What you can’t know, as you are doing it, is how all these threads weave themselves into the tapestry of a rich and robust education! The tangents, the diversions, the wasted time “trying” an idea, the correlations and connections, the repetition of the same game day after day, the questions without answers, the googling that didn’t lead where you intended, the days you throw away to leave the house and go to the museum or zoo or movie theater…

It all counts! It’s all part of the education you do intend each and every day. It doesn’t matter if you thought of “it” (whatever “it” is) in advance; it doesn’t matter if you planned the activities. What matters is that you value what happens each day.

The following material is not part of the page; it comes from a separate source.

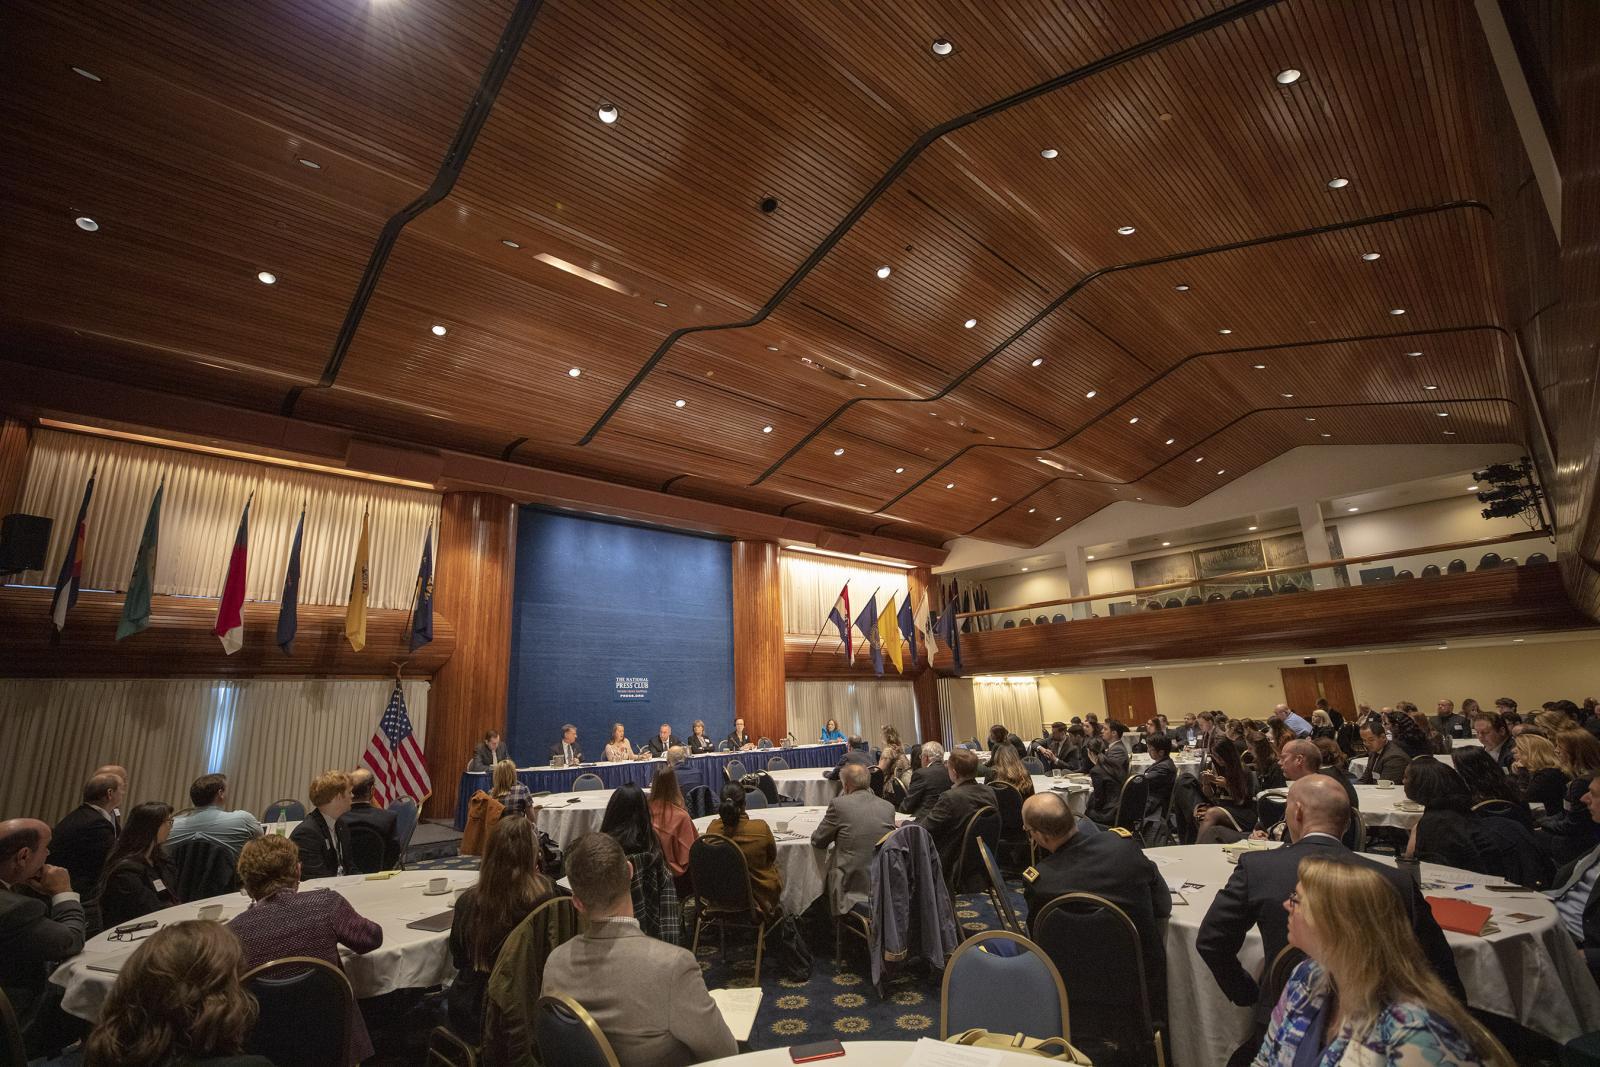 Nebraska Space Law Conference, Washington DC 2019

As you take notes, as you pay attention to the actual education happening in your home, you will come to peace about your lifestyle. If you resist (if you feel guilty for spending an entire morning playing with handwriting styles), you will deaden the potential liveliness of learning. No plan will be as full of life as the spontaneous curiosity that arises from a child’s question or the interconnections you can make through activity and lessons—acting, singing, game-playing, sculpting, eating, museum-visiting, googling, speech-making, dress up clothes, crafting, sewing, knitting, discussing, reading one more chapter, writing because writing feels like the perfect way to respond to all this material…

One last myth-buster: the other home educators? This is how they live too. Everyone is forging a blend between plans and inspiration, certainty and doubt. That’s the nexus of home education.

Home education is a bold, risky endeavor where you plan and relax, where you offer and respond, where you intend and let go, where you lead and you also follow.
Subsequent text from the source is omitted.